Based on talk given at The Leeds Mental Health and Crisis Service Conference, Leeds, 6 December 2000

There are several parallels that can be drawn between the chaos on the train services in this country in the period following the Hatfield crash in October 2000 and the current state of mental health services. The train journey from London to Leeds to this conference took me a very long five hours. My train was at a standstill for an hour and a quarter at one stage, because it took this length of time for the train staff to work out that somebody had pulled the communication chord. Initially we had been told that the wheels of the train had jammed - then that the driver had managed to fix the problem. A few minutes later it was announced that we would after all have to wait for an engineer to come to lend assistance. Eventually the train started moving and we were informed that the real reason for the wait had been that someone had pulled the communication chord. Even though there had been no apparent need for such a long delay, the train company thought it could ameliorate any damage by keeping us informed. I am sure the company thought it was fulfilling its responsibilities.

Glad to be on the move again, I started thinking about what would have happened if there had been a real emergency and if someone had pulled the communication chord in extremis, only for it to have taken an hour and a quarter to find out. I even went to look for where the communication chord had been pulled and discovered from one of the conductors that it was apparently in a toilet in one of the carriages. I asked why the staff had not detected the signal from the communication chord. His answer was that the chord was broken. A few minutes later it was announced over the public address system that the toilet should not be used because of a faulty communication chord!

Again, I am sure the company thought it was protecting its interests against a complaining public by making such an announcement. A moment's reflection will conclude, however, that the best action may not have been taken in the interests of passenger safety. Surely it would have made sense to lock the toilet and put it out of action if there was a genuine faulty communication chord. Despite having made the announcement to the current passengers, who may have been able to take heed and remember the warning if they were listening, people getting on at the next station would not have had this information. They may have used the toilet in ignorance of the fact that they could not have called for help by pulling the communication chord.

I mention this episode to emphasise that we live in a risk society (Beck 1992). It may have made sense for train speeds to be restricted because of the poor state of the railtrack. An overemphasis and obsession with risk however may not necessarily make matters safer overall. Commonsense may be abandoned in the interest of defensive actions.

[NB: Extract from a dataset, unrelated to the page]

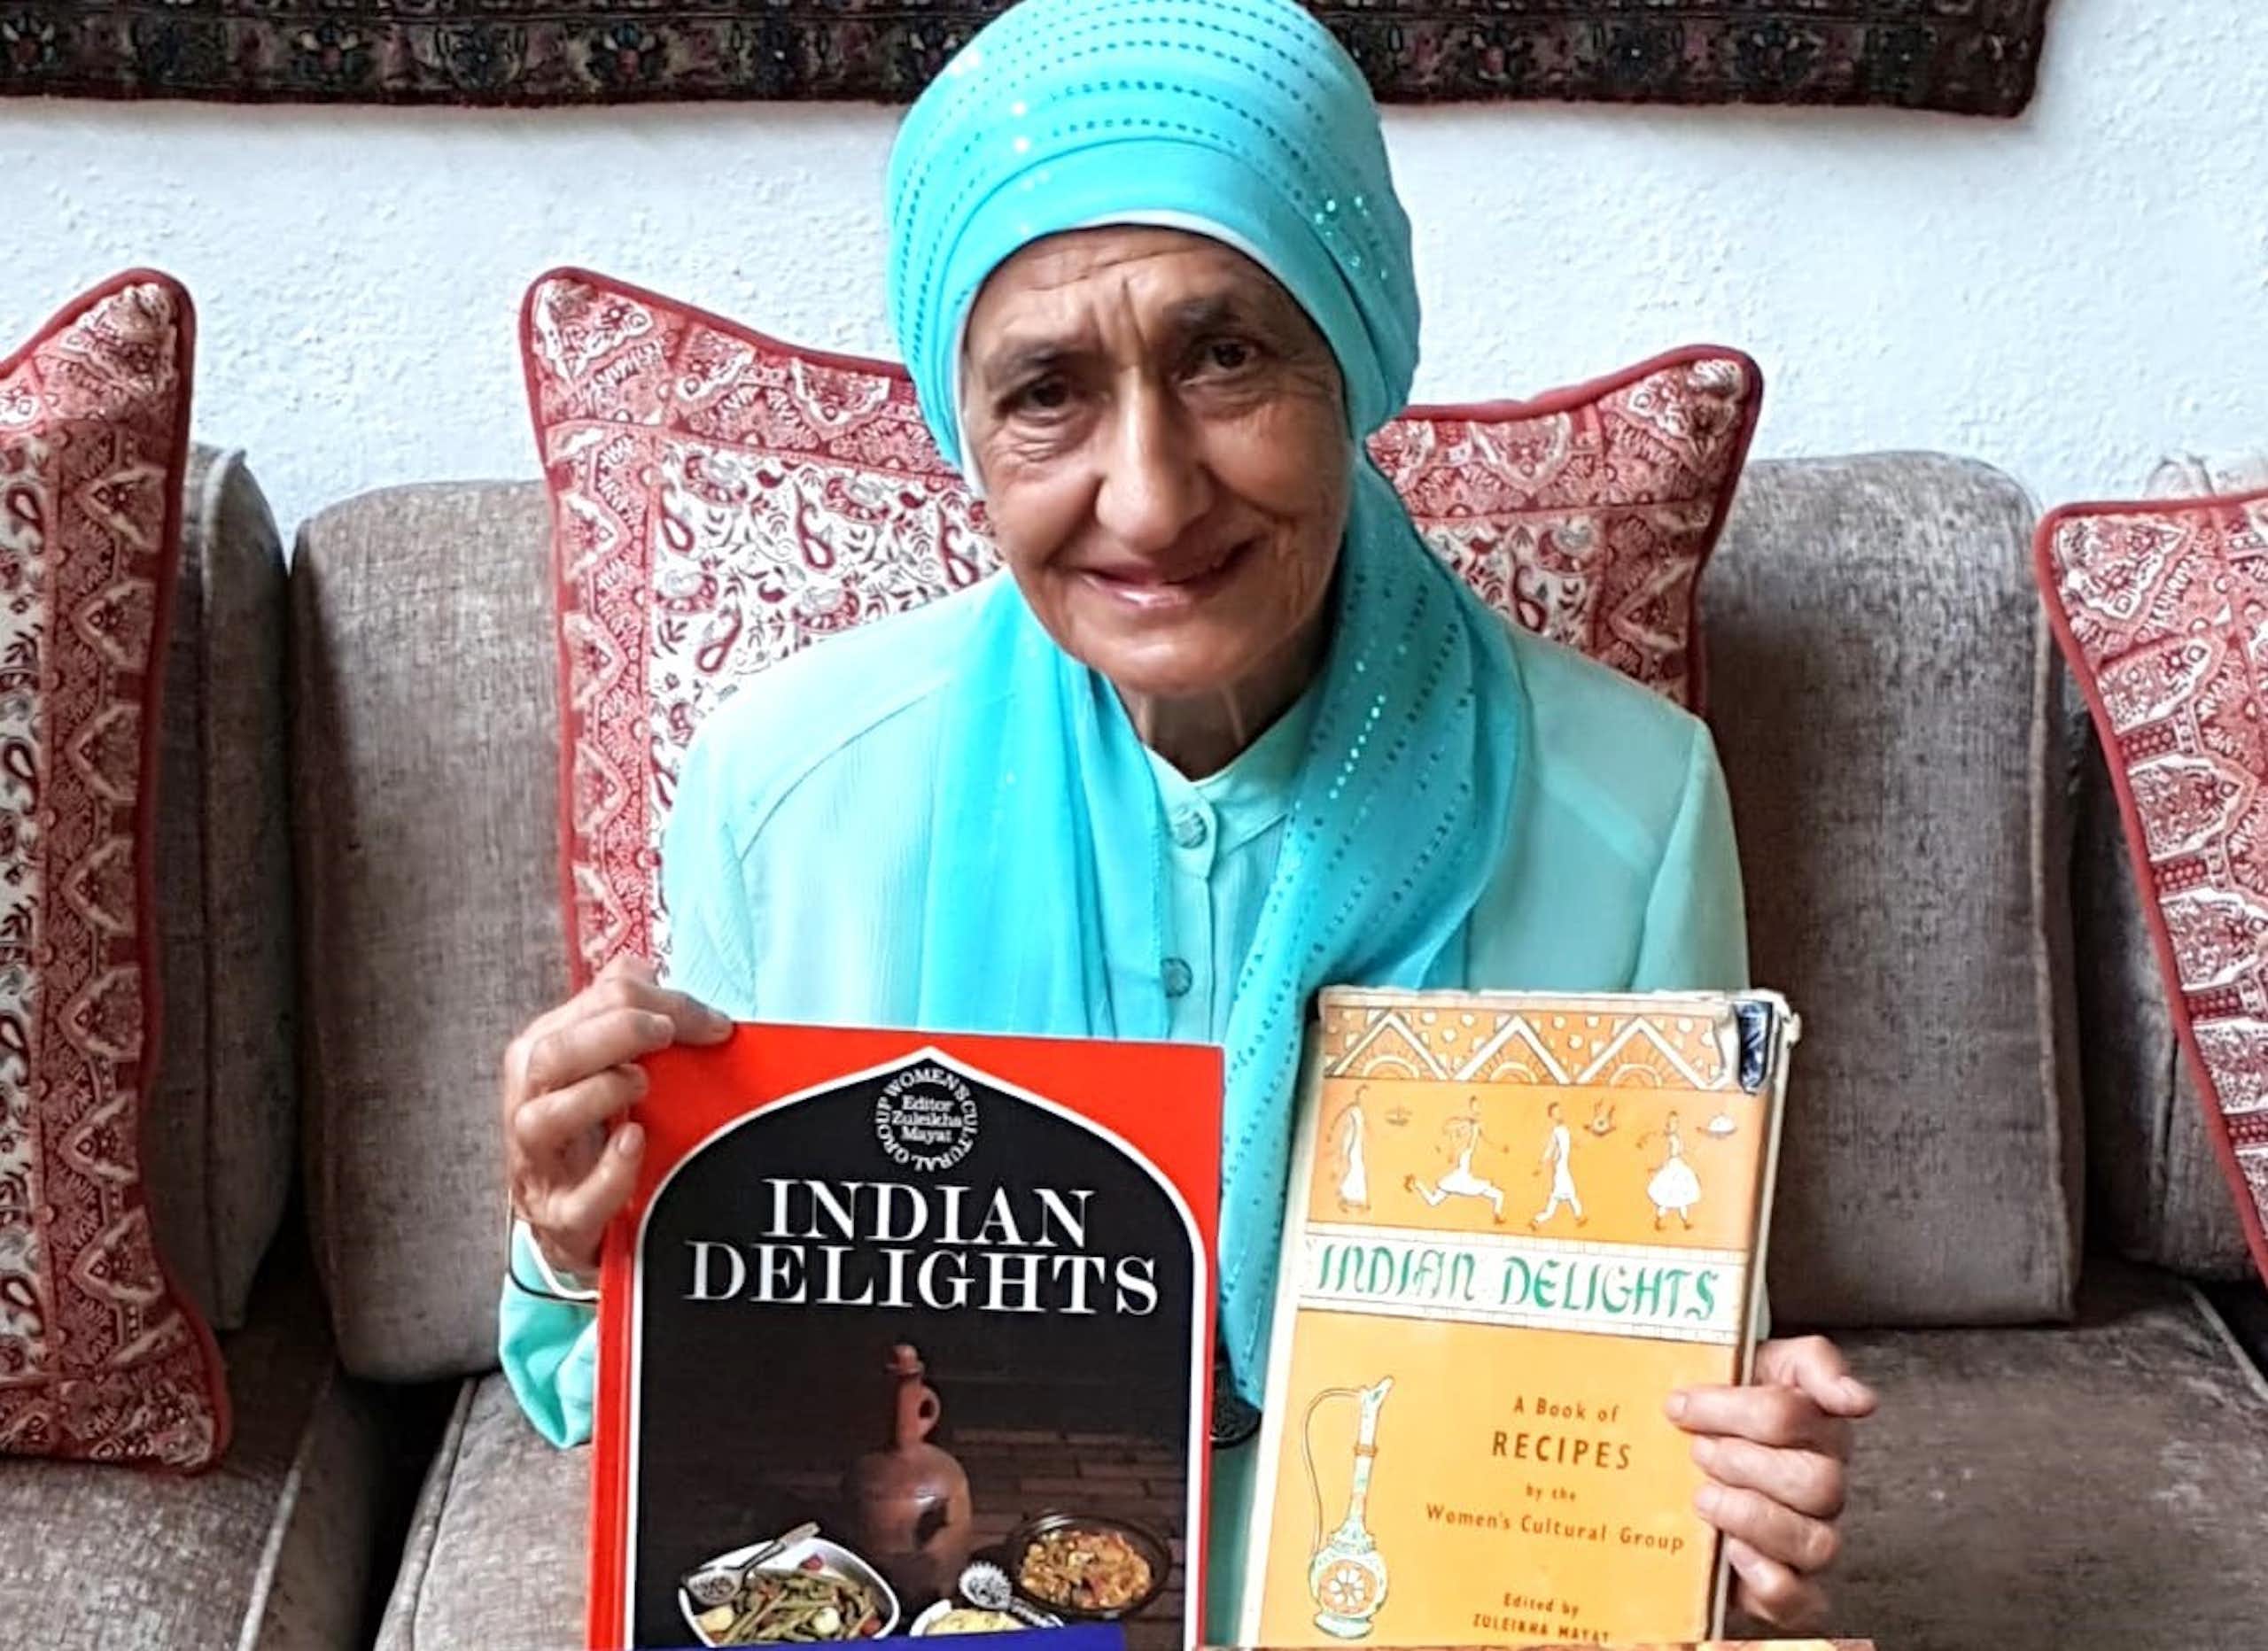 An elderly woman in a light blue headscarf and matching top proudly displays two books, different editions of Indian Delights

In the same way, we can ask whether the current emphasis on risk assessment in mental health will really improve public safety. Many mental health professionals will recognise a similar sense of confusion in their everyday mental health practice to that I described on the train that day.

David Clark (1995) was the medical superintendent of Fulbourn Hospital in Cambridge at its heyday of social therapy, therapeutic communities and rehabilitation. He regrets the recent emphasis on risk prevention and defensive practice, which he sees as a return to institutionalisation. He compares such bureaucratic behaviour to the worst days of the traditional mental asylums -

issuing memoranda, forbidding activities, putting up warning notices, setting up disciplinary enquiries and penalising staff who take risks or show initiative. Staff have learned to be cautious, to get everything in writing, to avoid initiative.

This issue of risk relates to my question of whether psychiatry can abandon the "medical model". My argument is that adopting the "medical model" gives a kind of reassurance to mental health practice. I think this sense of security will only be given up with difficulty.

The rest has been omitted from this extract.